Gutterson Fieldhouse (nicknamed "The Gut") is a 4,035-seat hockey arena in Burlington, Vermont. It is home to the Vermont Catamounts men's and women's ice hockey teams.  It is the largest indoor arena in the state of Vermont.  It is adjacent to Patrick Gymnasium at the school's athletic complex. It is named for Albert Gutterson, class of 1912, the school's first Olympian. He set an Olympic record with a 7.60 meter long jump, beating, among others, the great Jim Thorpe.

History
The barrel-vaulted arena opened in 1963, originally seating 3,335. It was expanded to its current capacity in 1990. The hockey team has played host to exhibitions with the Soviet Union national ice hockey team, Russia women's national ice hockey team, and United States men's national ice hockey team and United States women's national ice hockey team. It was the venue for the first women's hockey game ever nationally televised in the US (on December 17, 1997, a pre-Olympic game between Canada and the United States). Between 1995 and 2000, and again in 2002, it was the preseason training camp site of the New York Rangers. (The Hartford Whalers had previously held their 1992 and 1993 training camps there.)

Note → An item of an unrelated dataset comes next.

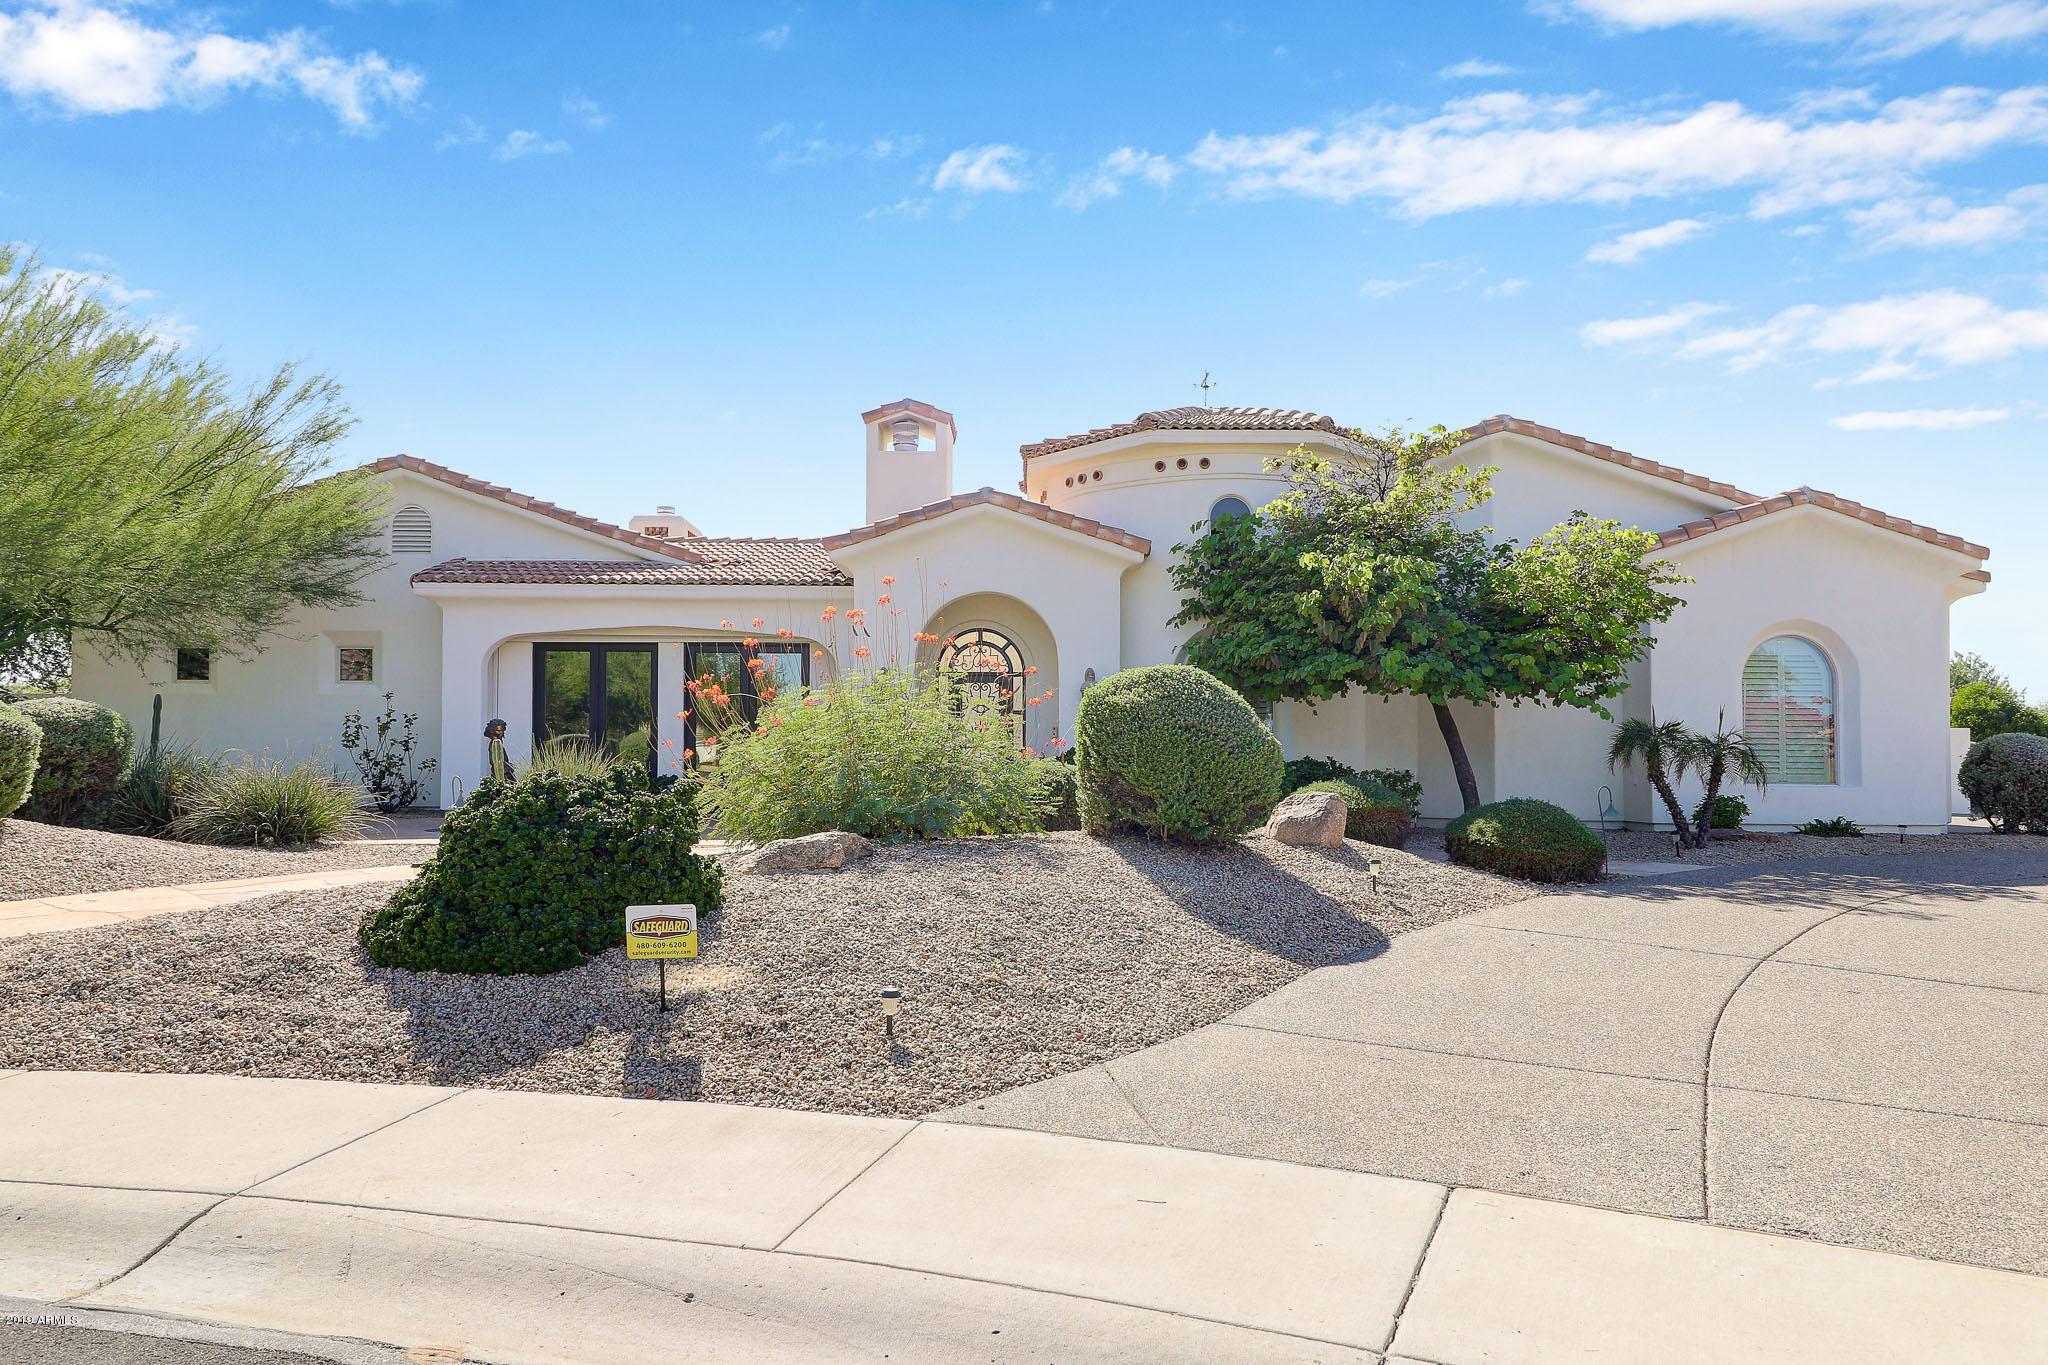 Photo of 14217 W VALLEY VIEW Drive, Litchfield Park, AZ 85340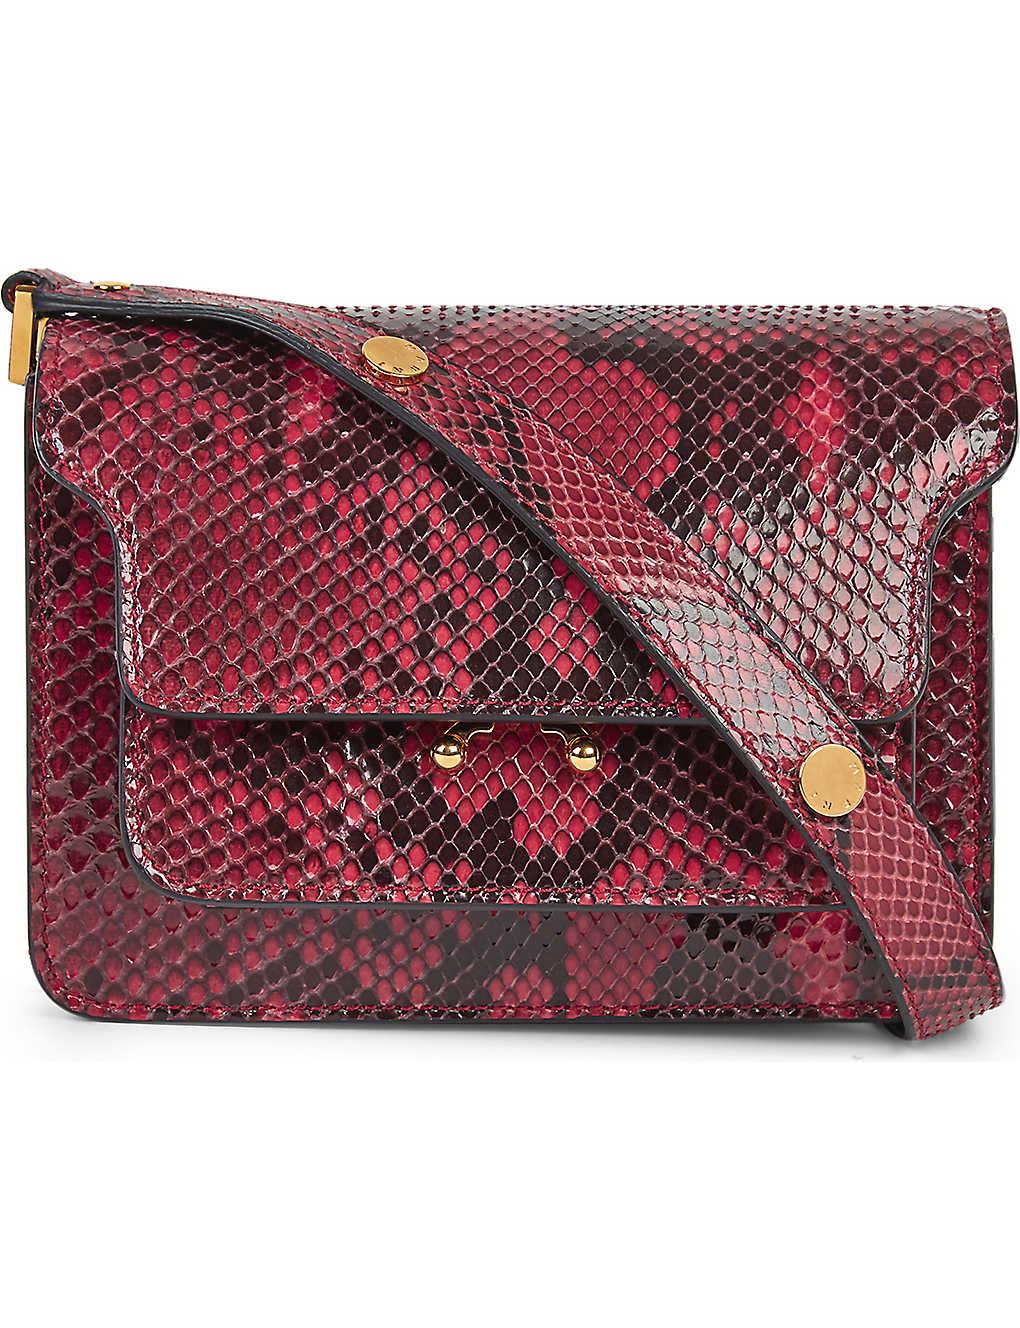 54f885cc44 MARNI - Mini Trunk python-leather shoulder bag

On March 30, 2012, President Barack Obama made his first public appearance in the State of Vermont at the Gutterson Fieldhouse. However, he did speak previously to students on campus at UVM campaigning for Senator Bernie Sanders (I-VT) in 2006, outside of Ira Allen Chapel.

The Vermont Principal's Association (VPA) has held the boys' and girls' high school state ice hockey championships at the venue since 1976 (boys) and 2011 (girls).

Gutterson Fieldhouse, along with Cairns Arena in nearby South Burlington, served as venues for the 2012 IIHF Women's World Championship.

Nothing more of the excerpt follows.